Padahal, jelasnya, Lala, panggilan sang anak, berniat untuk kuliah di jurusan Sastra Jepang UGM dan
mengikuti SBMPTN yang pendaftarannya dijadwalkan paling lambat minggu ini [31 Mei]. Dikatakannya,
beberapa kali sudah berupaya menghadap pengurus PKBM dan informasi yang diperoleh
penandatanganan SKL masih menunggu Kepala Dinas Pendidikan (Disdik) Jogja.

"Saya dapat informasi ketika itu kepalanya sedang di luar kota jadi tanda tangan SKL tertunda," tutur
Patricia.

Selain Lala, sebutnya, terdapat enam anak lainnya yang belum menerima SKL dari PKBM yang sama.
Ia menilai, penundaan pemberian SKL bagi peserta pendidikan informal sebagai bentuk diskriminasi.
Artinya, pendidikan informal belum mendapat perhatian dari pemerintah sehingga kerap dianaktirikan.
"Apa mereka itu mikirnya kalau ikut UNPK Kejar Paket C, anak tidak ingin melanjutkan kuliah,"
imbuhnya.

Ditambahkan Patricia, sejak SD anaknya sudah tidak bersekolah secara formal, melainkan memilih
belajar di rumah atau home schooling. Sebagai orangtua, ia mendukung pilihan sang anak karena
beranggapan pendidikan tidak bisa dipaksakan.
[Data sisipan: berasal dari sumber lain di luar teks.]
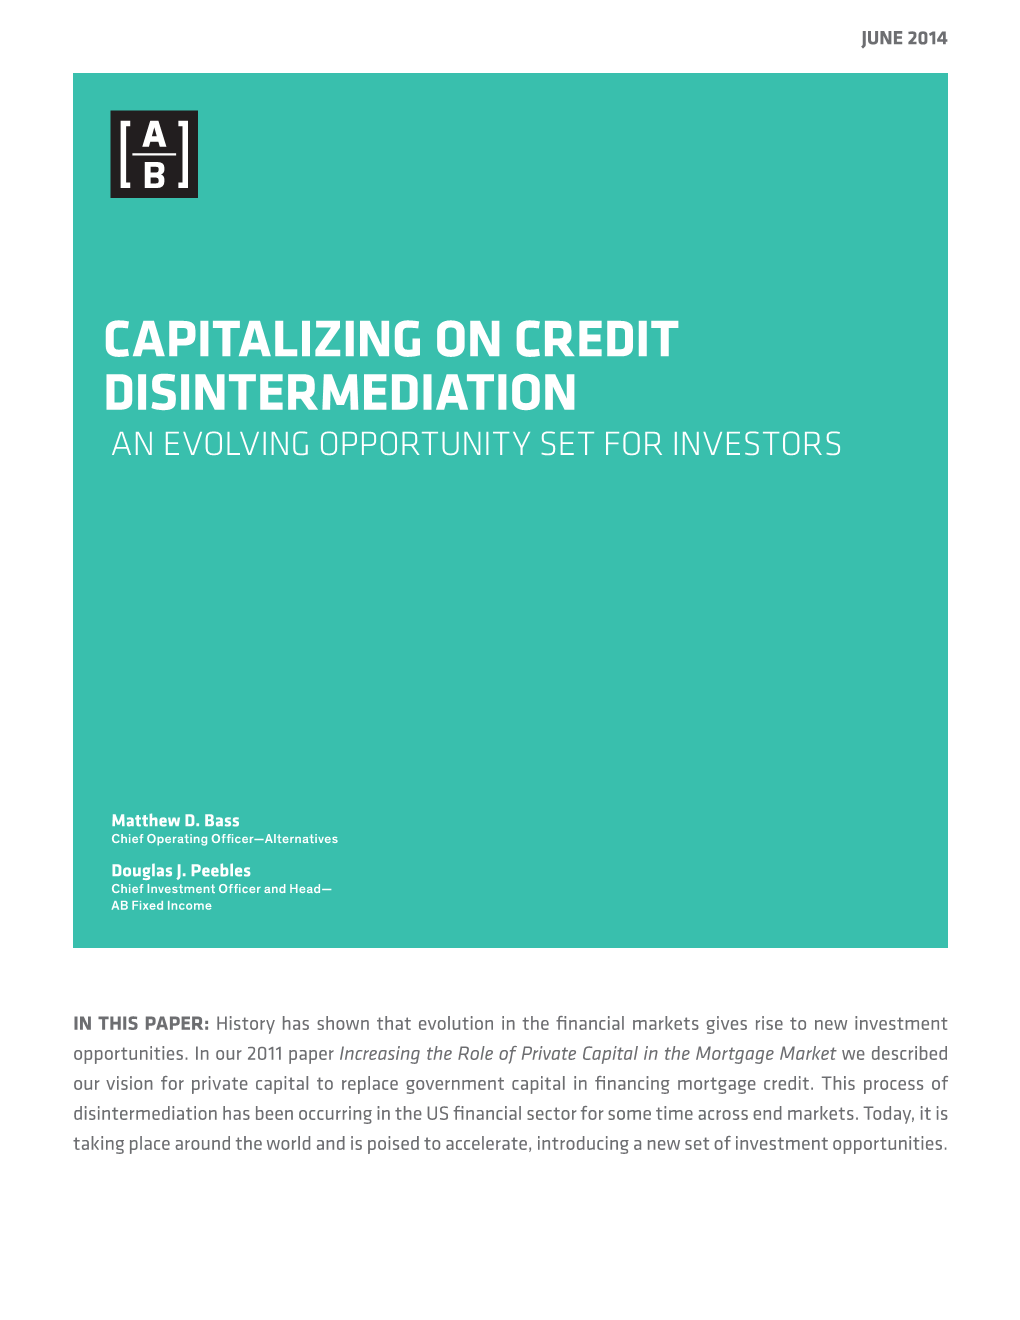 Capitalizing on Credit Disintermediation an Evolving Opportunity Set for Investors

Ketua Forpi Jogja Winarta mengatakan keluhan orangtua akan ditampung dan disampaikan ke Disdik
Jogja hari ini. Menurutnya, Disdik harus memberikan layanan yang setara kepada pendidikan formal
maupun informal, termasuk mengedepankan prinsip transparansi dan ketepatan.

"Dalam hal ini, SKL yang tidak kunjung diberikan akan berpengaruh terhadap pendaftaran SBMPTN,"
terangnya.

Forpi Jogja, imbuhnya, sudah meminta keterangan dari PKBM yang menyatakan nilai ujian baru
diserahkan hari ini ke Disdik Jogja karena koordinasi baru dilakukan Jumat (22/5/2015) lalu.Kepala
Disdik Jogja Edy Heri Suasana saat menemui Forpi Jogja menjabarkan penerbitan SKL merupakan
proses administratif, yakni ketersediaan data nilai rata-rata sekolah dan nilai ujian dari PKBM yang
bersangkutan.

"Data baru diserahkan hari ini dan setelah itu diverifikasi, jika tidak ada masalah maka SKL
dikeluarkan," paparnya.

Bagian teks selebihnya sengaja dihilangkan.